» Data in this exercise
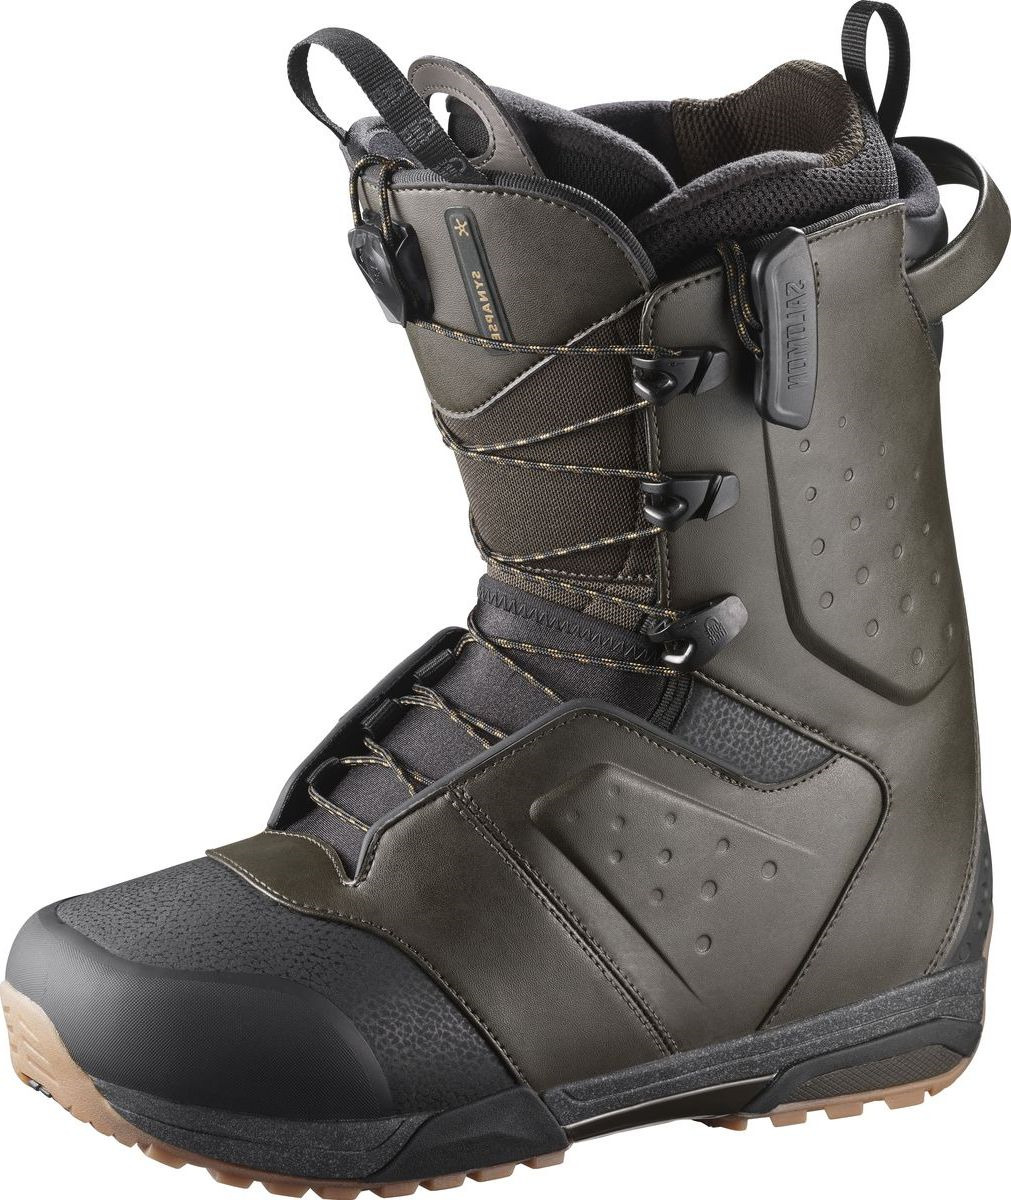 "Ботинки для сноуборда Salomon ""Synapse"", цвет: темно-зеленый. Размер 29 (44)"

* * *

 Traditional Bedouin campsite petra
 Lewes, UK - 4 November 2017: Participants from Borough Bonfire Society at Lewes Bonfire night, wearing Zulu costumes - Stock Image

...

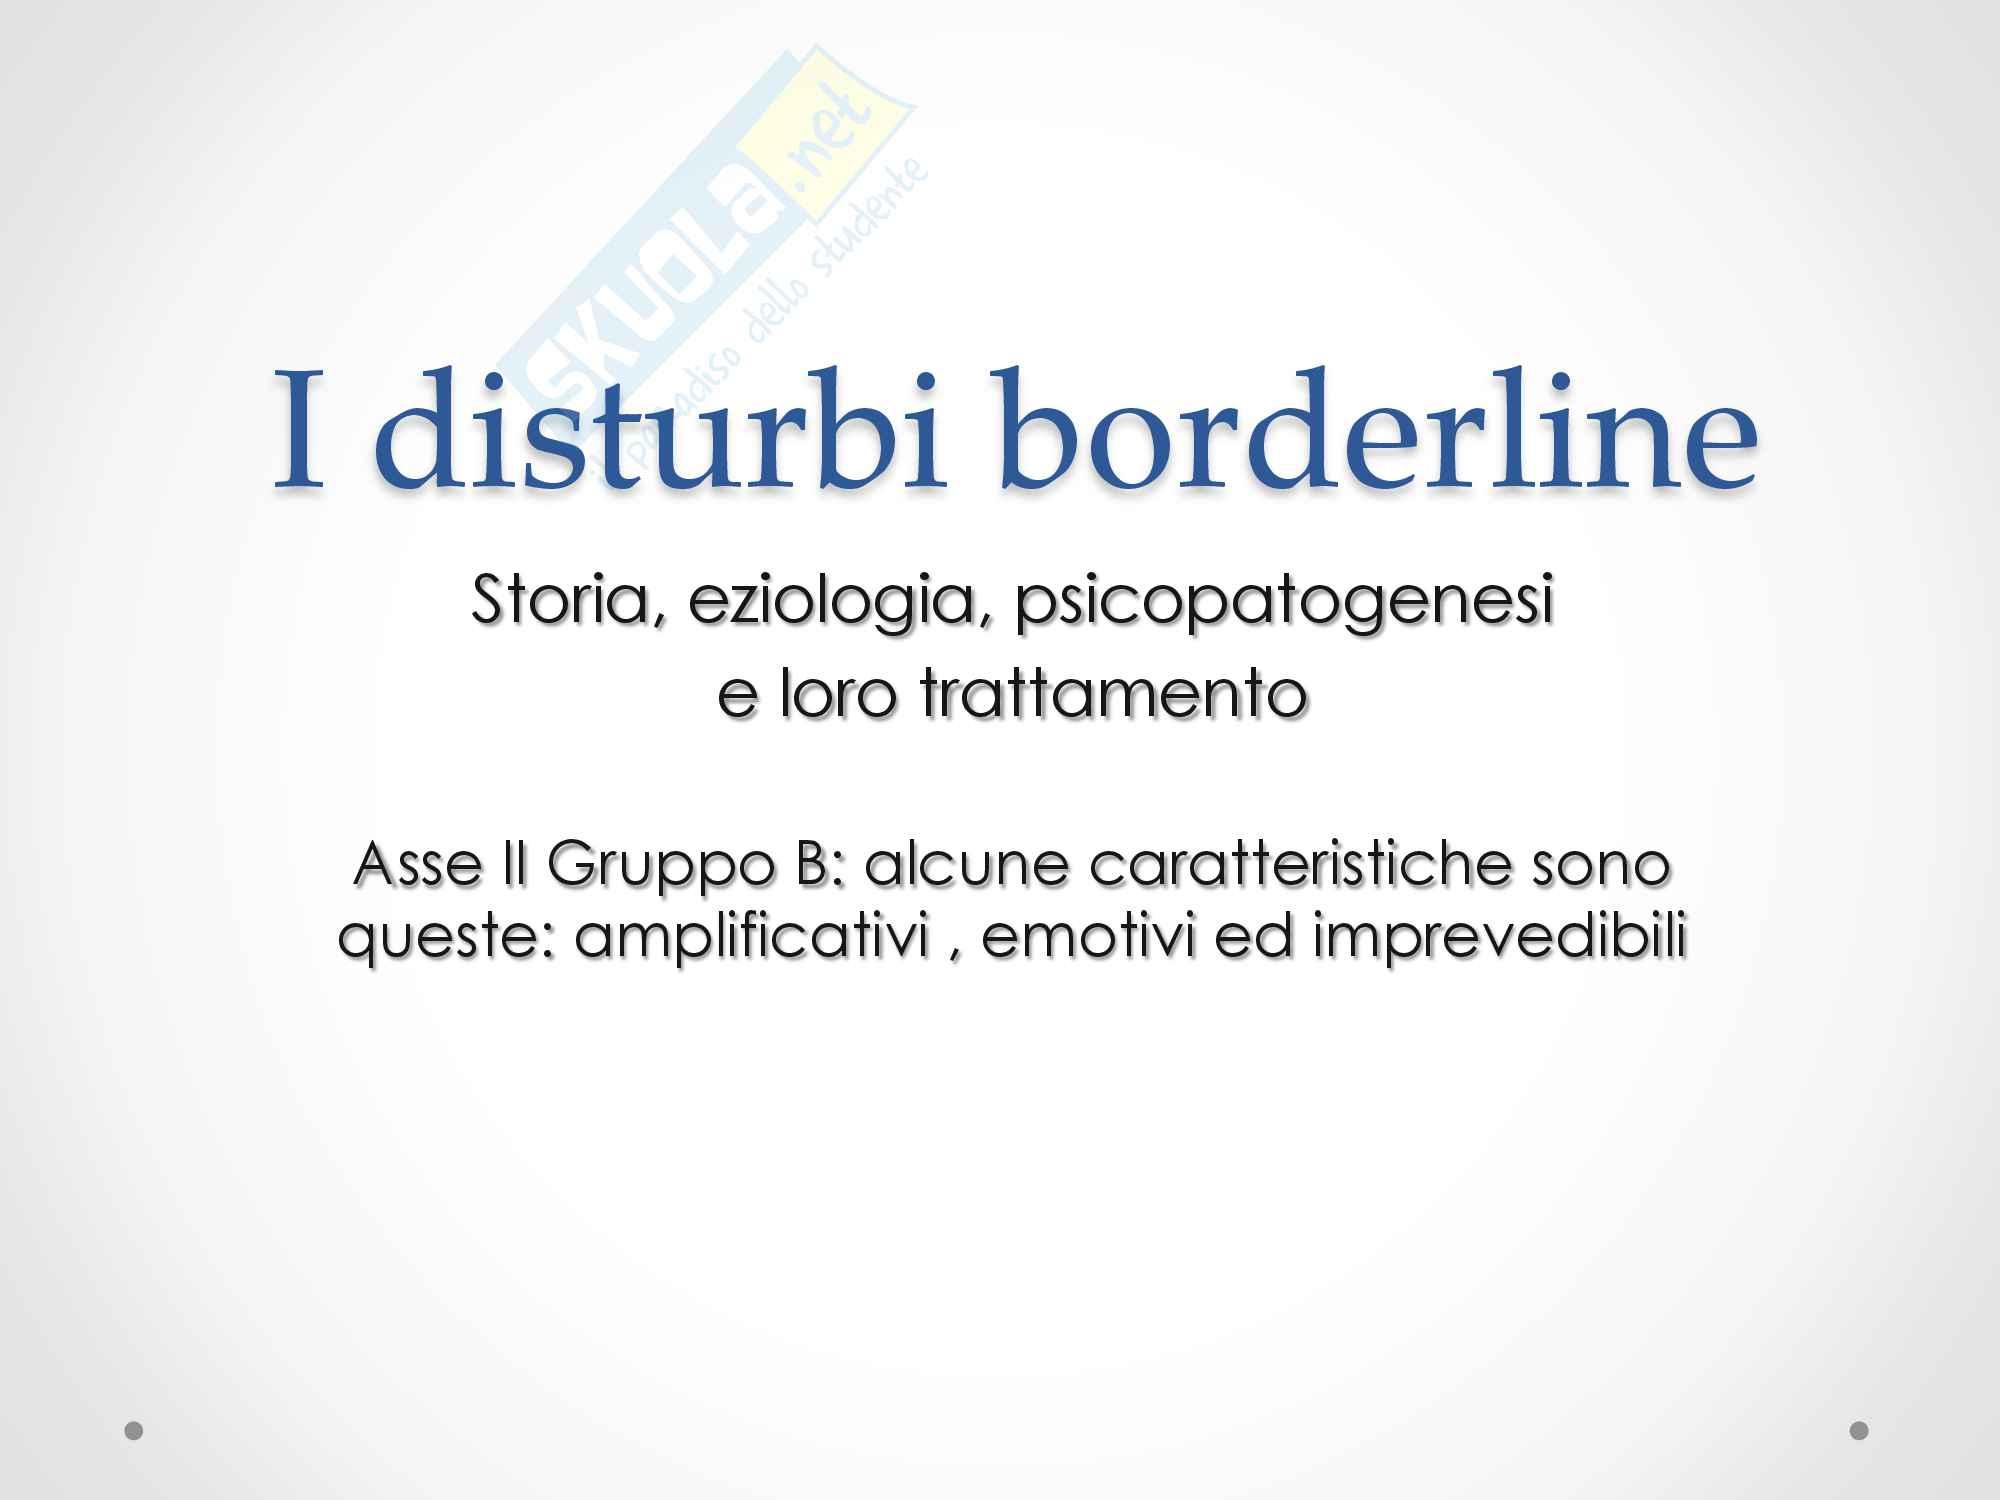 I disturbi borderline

» What the task asks
The lines above from the one with "Traditional Bedouin campsite petra" through the one with "Lewes, UK - 4" are to be duplicated exactly, ends included, with nothing added.

» Answer section
 Traditional Bedouin campsite petra
 Lewes, UK - 4 November 2017: Participants from Borough Bonfire Society at Lewes Bonfire night, wearing Zulu costumes - Stock Image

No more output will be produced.